Ещё какое-то время она стояла, привалившись спиной к двери, и слушала, какое её поколение плохое и неблагодарное. Слово «неблагодарное» было сказано семь раз. Это напомнило ей о ворчании Константина. Как тот возмущался, что с ним говорили на «ты», да и на многое другое. Кажется, его раздражала сама Влада, а не то, как она разговаривала. Он тоже не показался ей приятным собеседником. И дело не в том, что ей не поверили и грозились сдать в психушку. Это как раз-таки было нормально. Нет, Владе он просто не понравился. Хмурый, недовольный, снисходительный и… ненастоящий. Словно её воображение выдумало самого фальшивого человека, которого можно было представить. При взгляде на него у Влады складывалось впечатление, что перед ней стоит манекен. Она ведь даже не помнила его лицо… Только цвет глаз и то, как пламя свечи отражалось в них.

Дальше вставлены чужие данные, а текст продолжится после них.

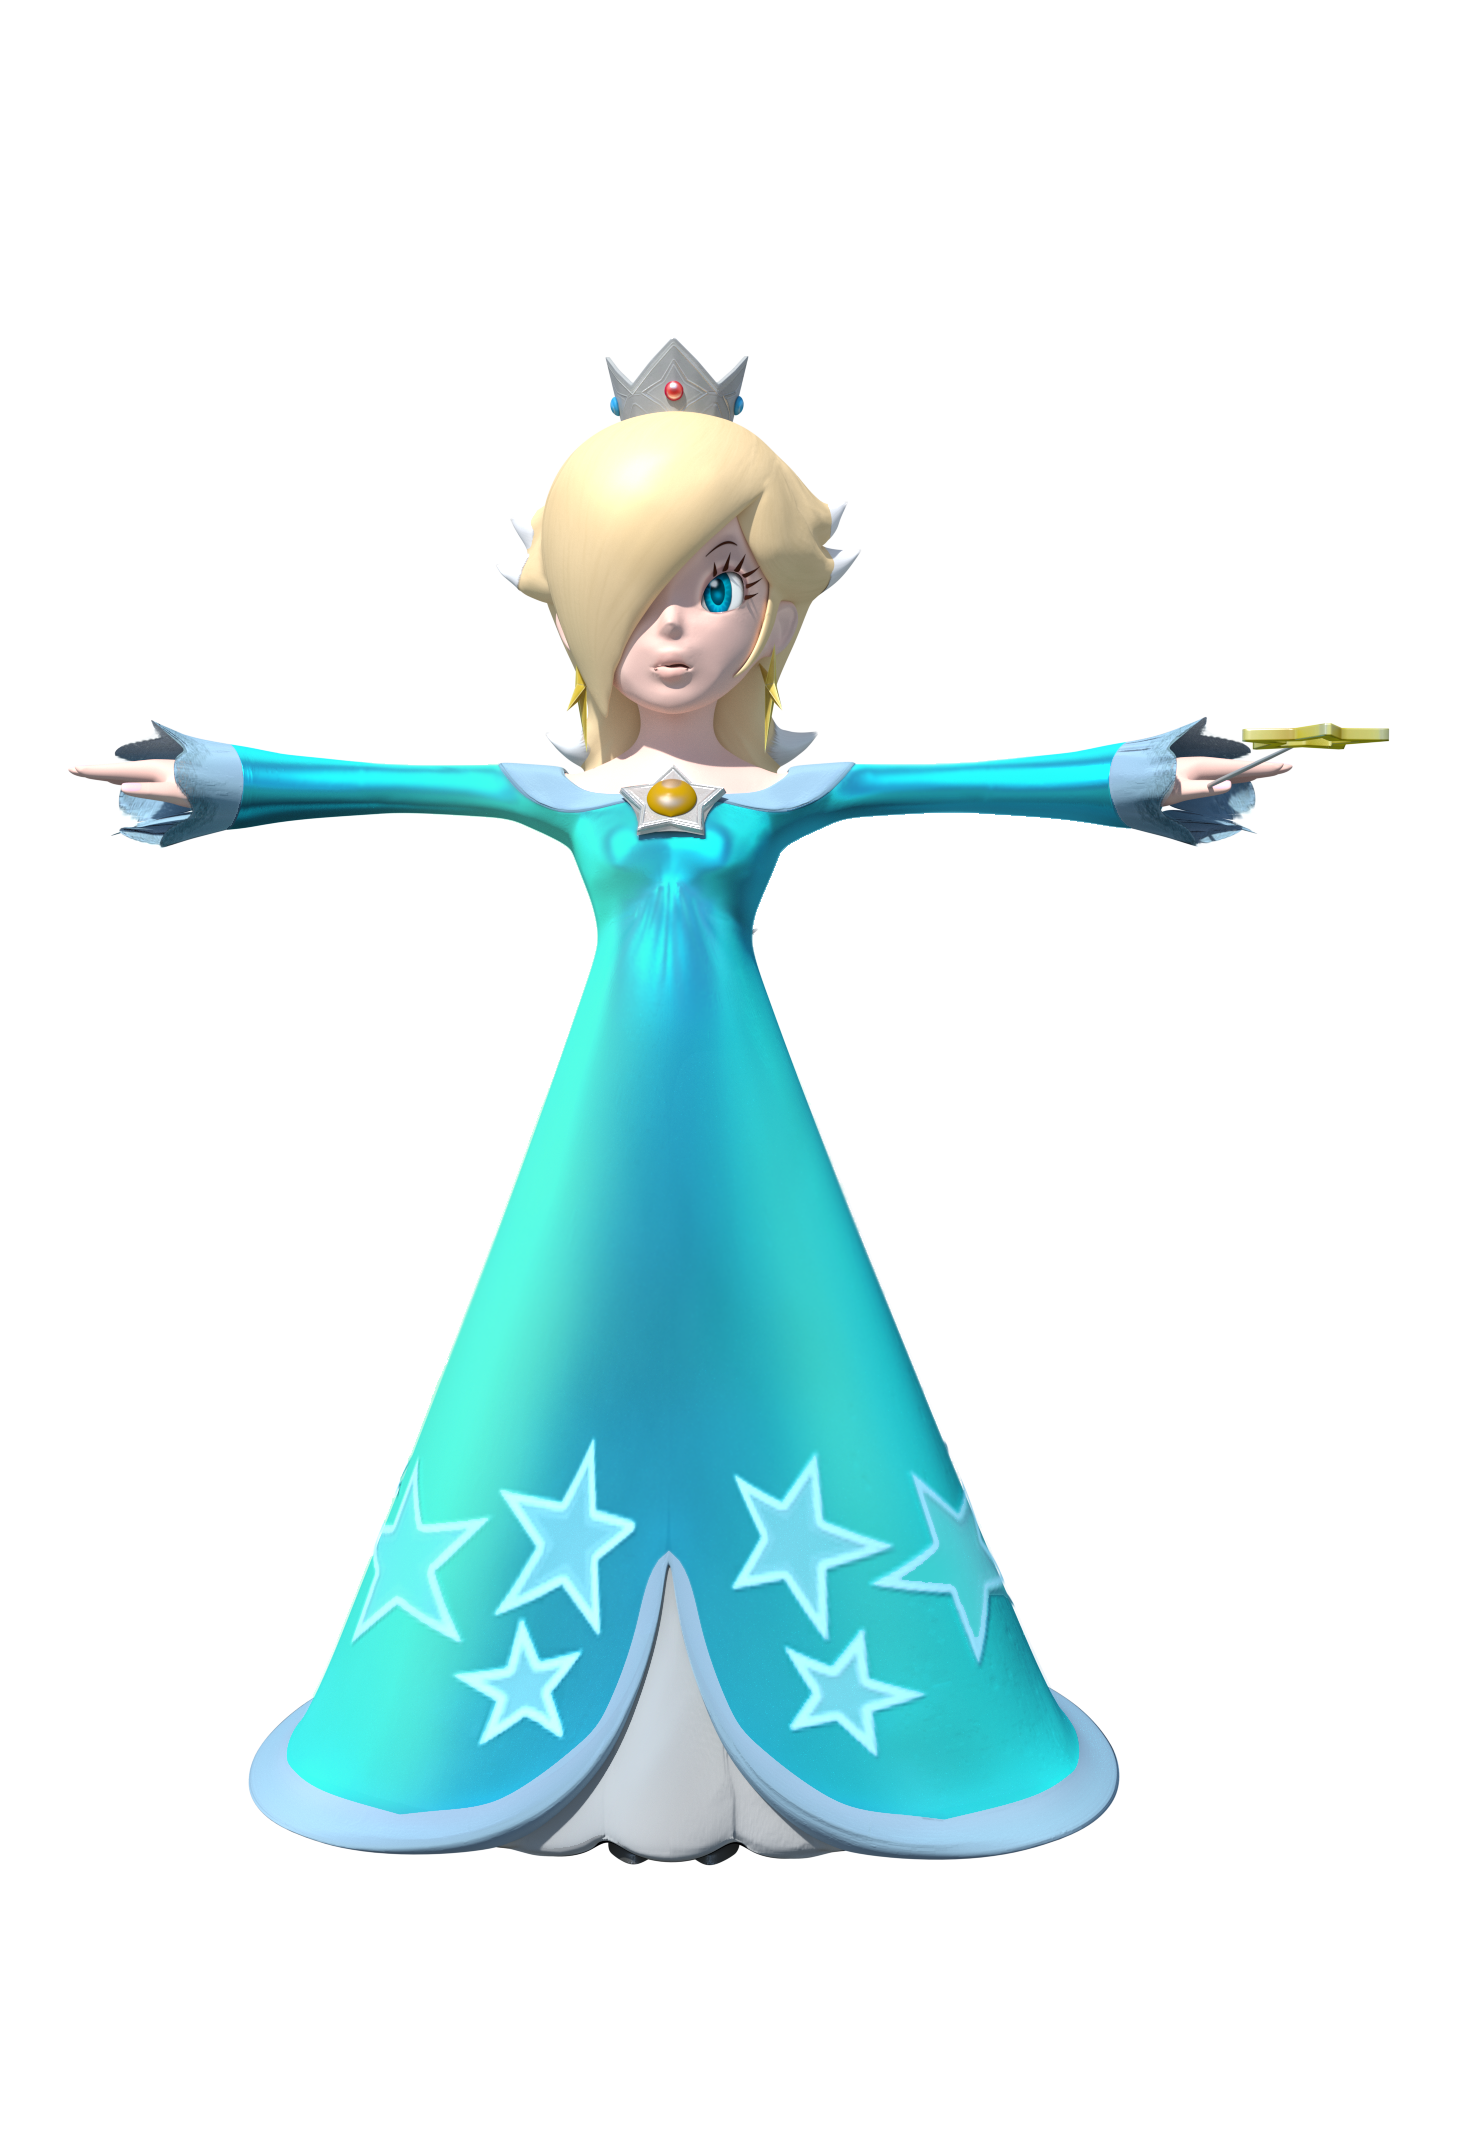 rosalina_render_by_nobody661-d9dgz1f.png

Ещё она помнила, что сошла с ума. Ведь ей это всё привиделось. Галлюцинация. Стресс и решение организма, как из этого стресса выйти. Прошло два дня с тех пор. У неё было два выходных, которые Влада полностью провела дома. За фортепиано. Боялась ли она? Да. Зайдёт ли она в квартиру Вити ближайший месяц? Нет…
В дверь снова постучали. Влада вздрогнула от вибрации в спине. Она и сама не заметила, как села на пол. Стук повторился.
«Какая же надоедливая…»
– София Степановна, я же не играю сейчас!.. – теперь уже она начала возмущаться, но осеклась на полуслове, когда открыла дверь.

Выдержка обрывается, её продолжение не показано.